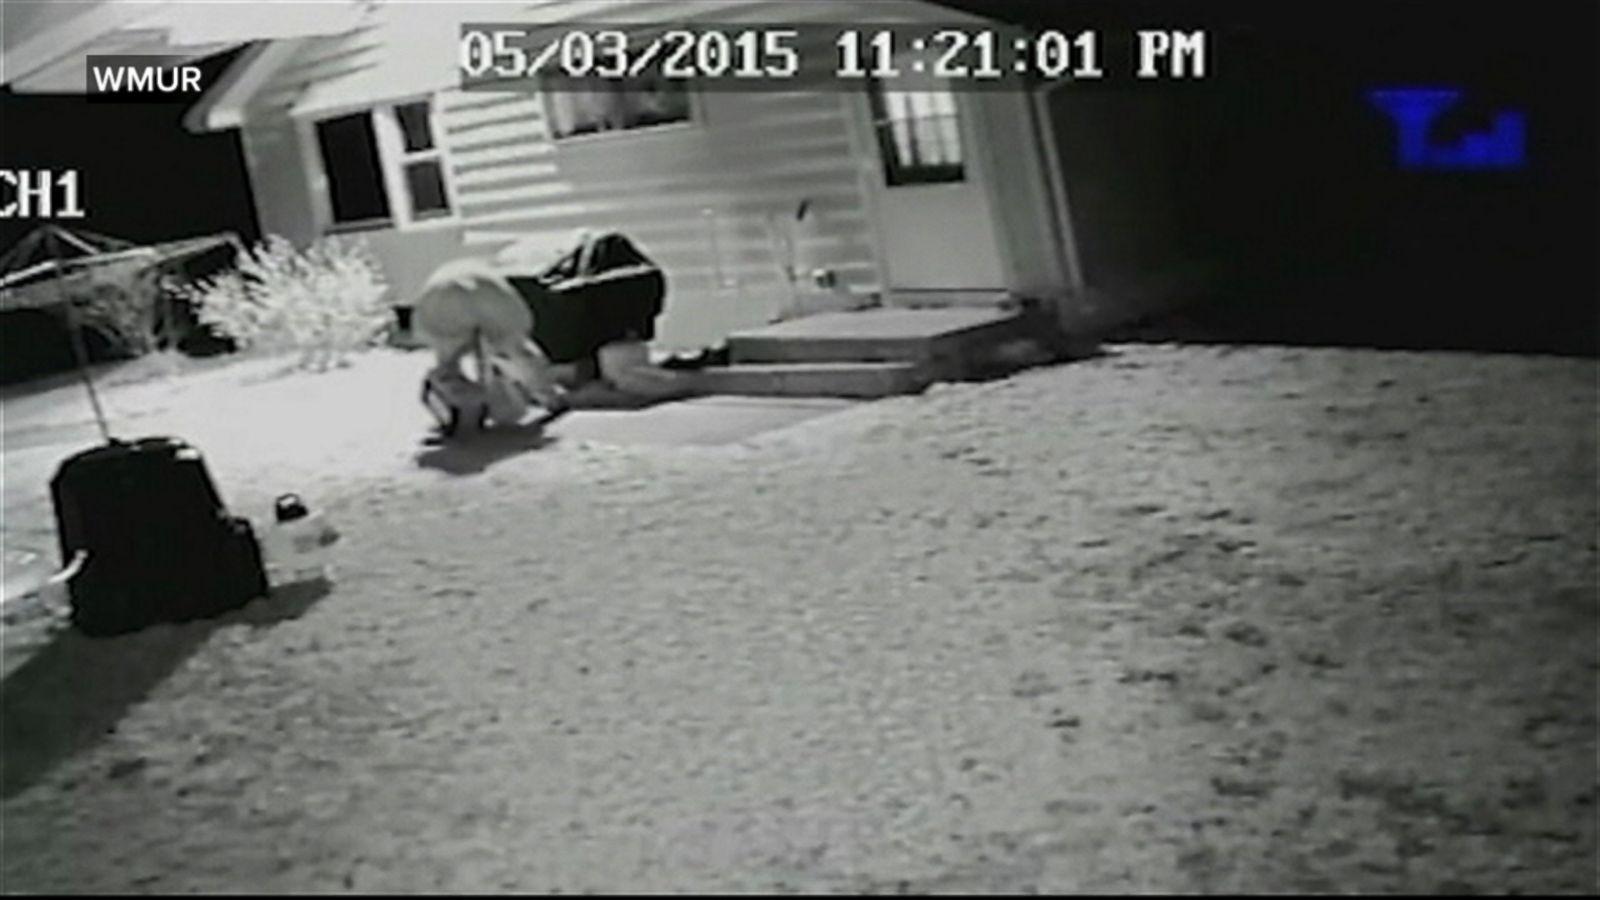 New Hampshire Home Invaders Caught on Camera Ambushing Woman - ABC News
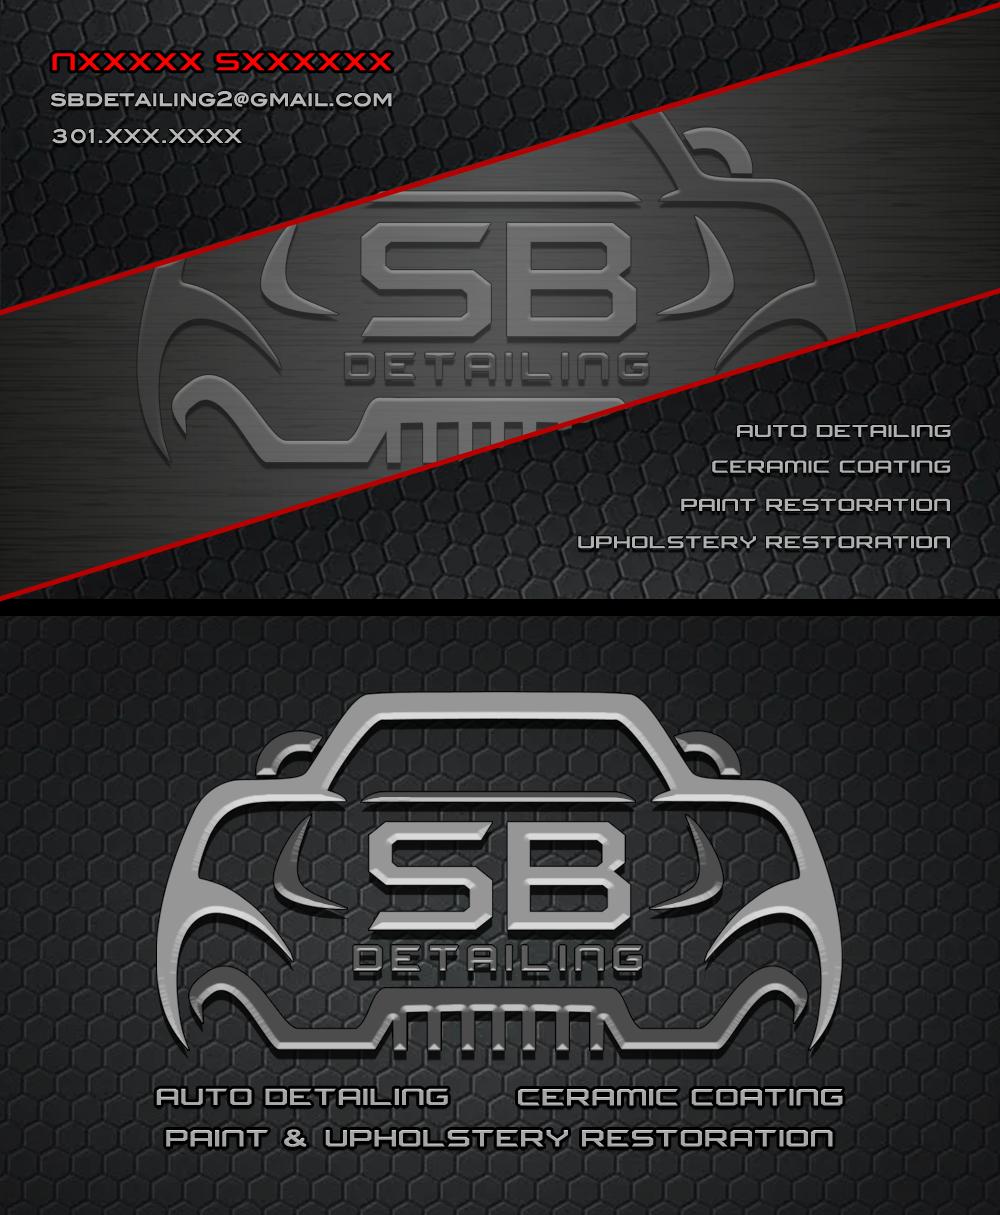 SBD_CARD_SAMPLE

————

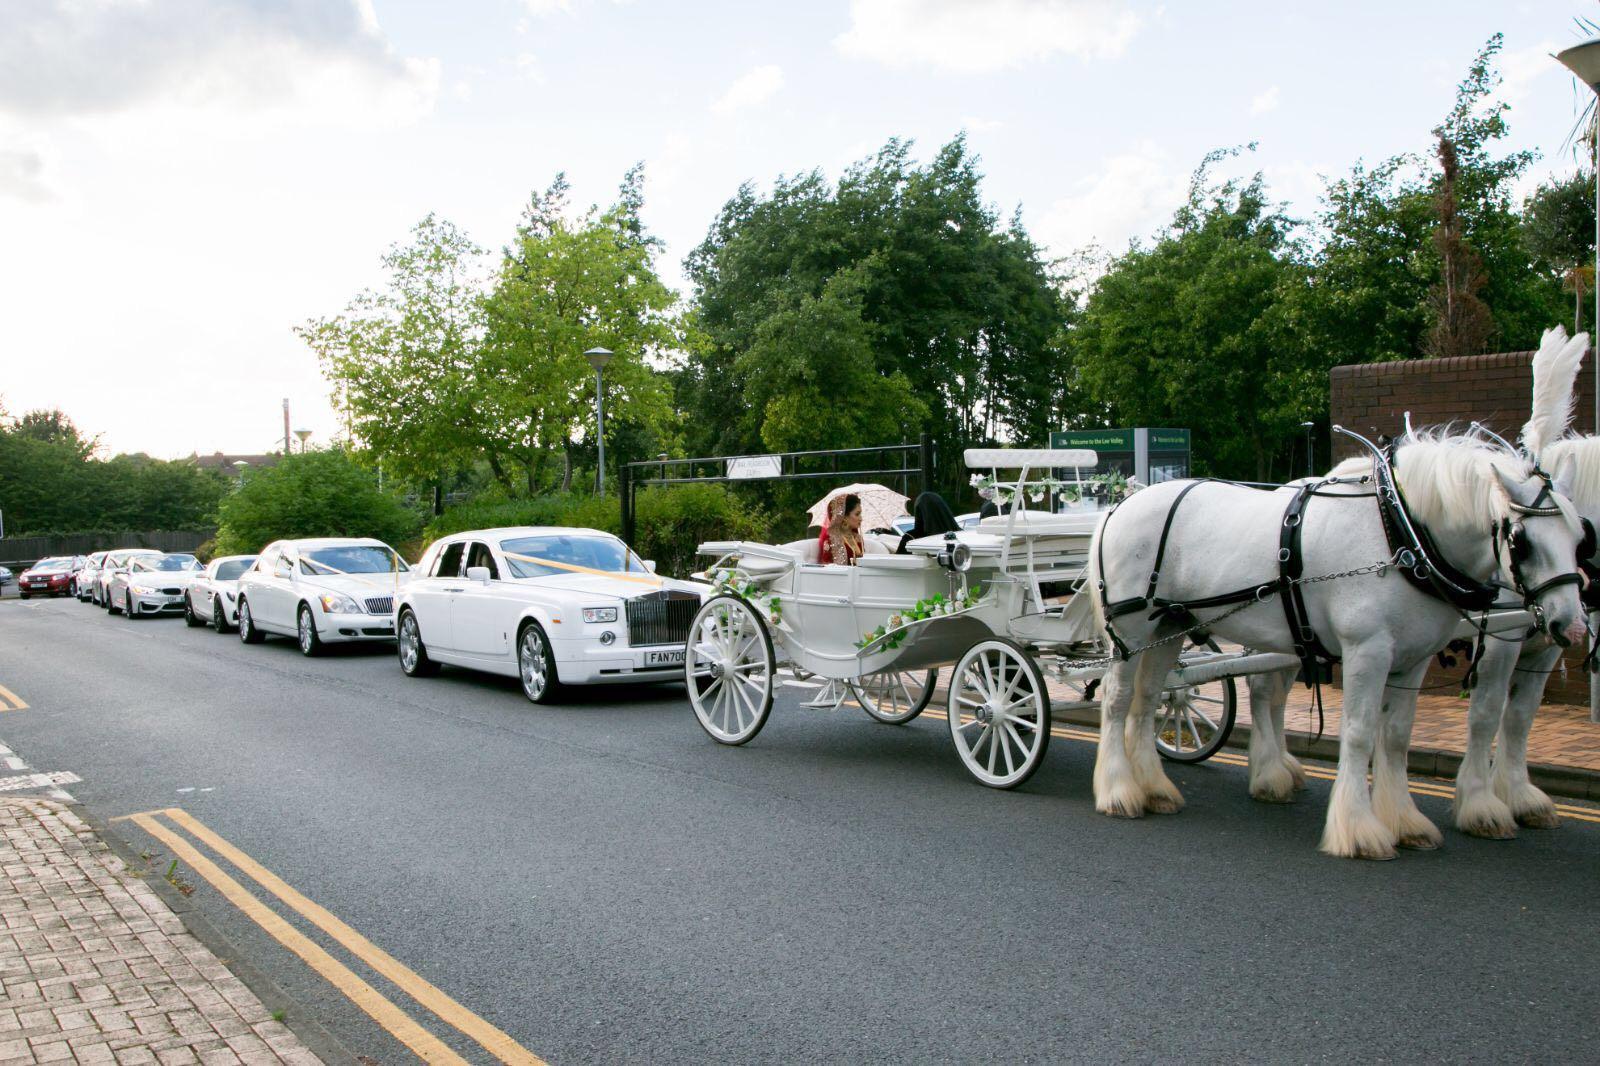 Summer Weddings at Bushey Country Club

————

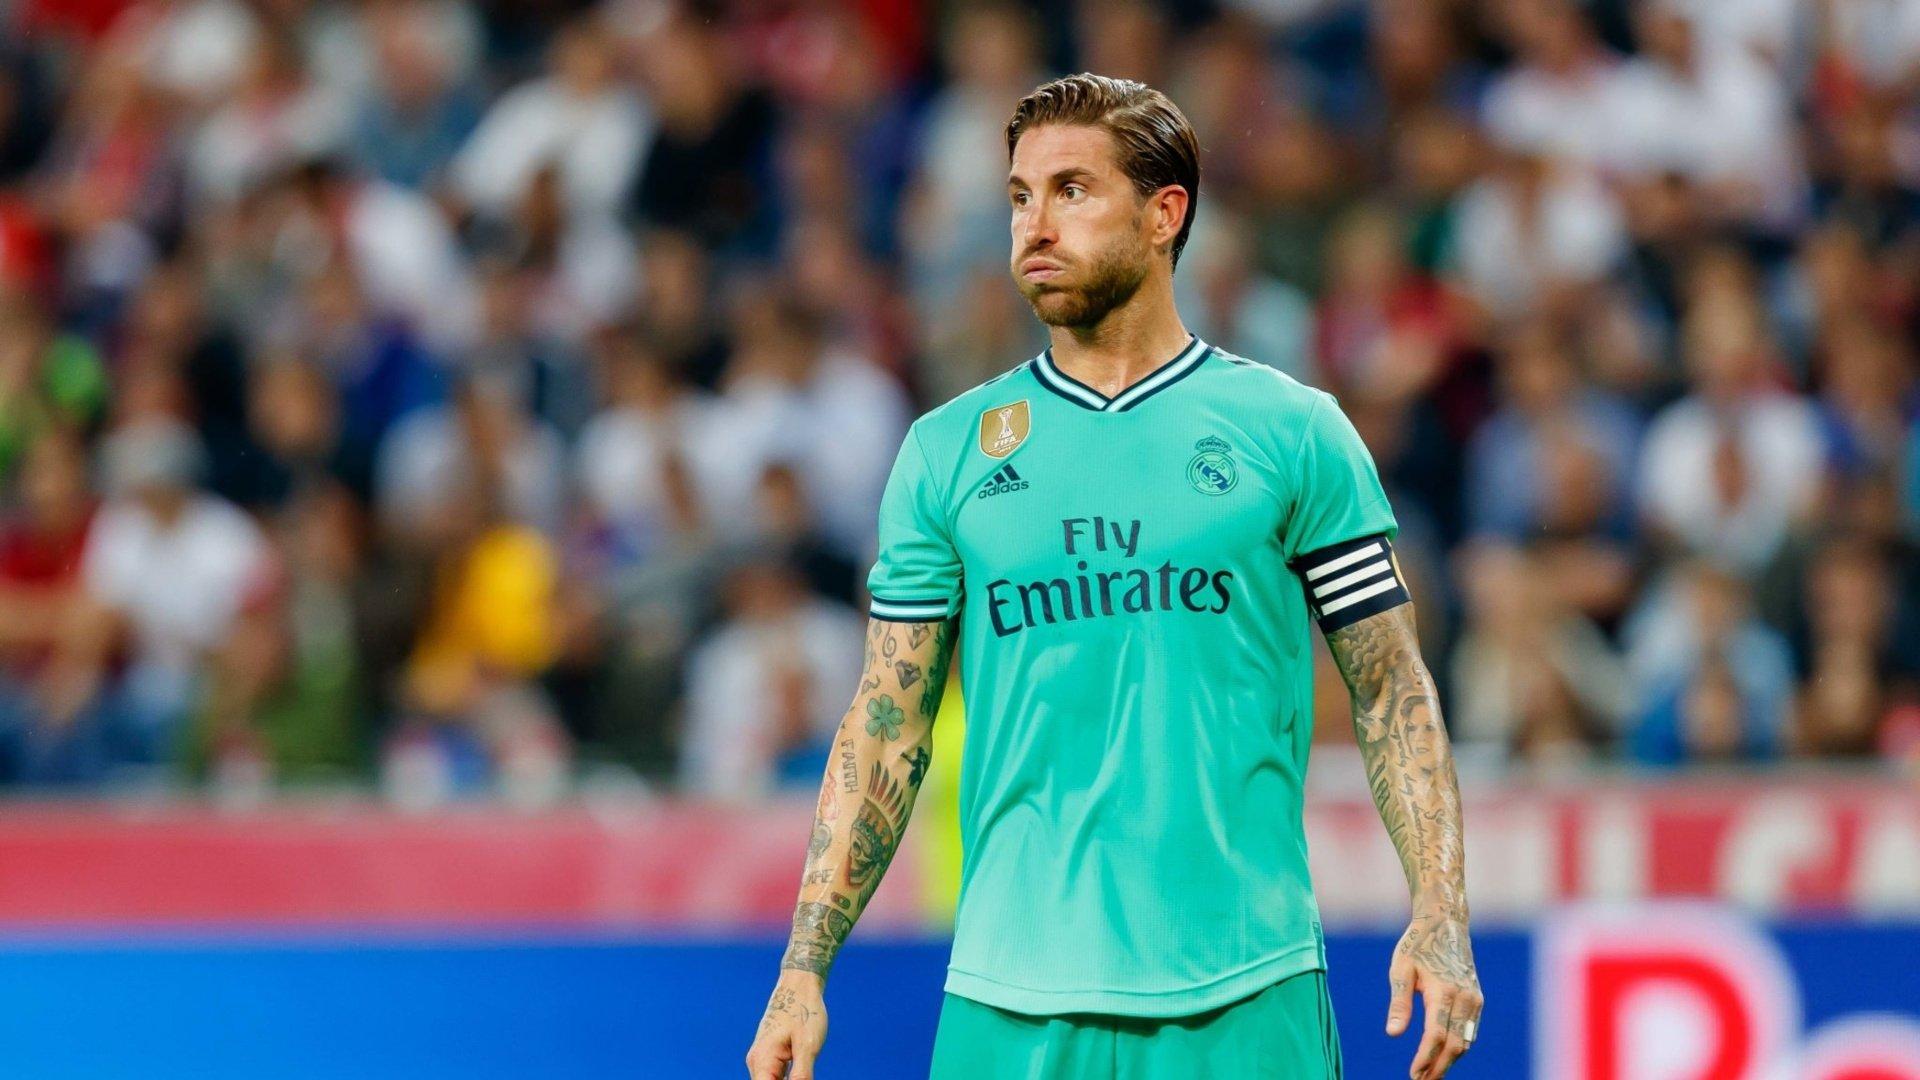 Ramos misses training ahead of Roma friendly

————

> **Task brief**
Text only, no pictures: please print exactly the lines above from the line with "New Hampshire Home" up to and including the line with "SBD_CARD_SAMPLE", and nothing else.

> **Output**
 New Hampshire Home Invaders Caught on Camera Ambushing Woman - ABC News
 SBD_CARD_SAMPLE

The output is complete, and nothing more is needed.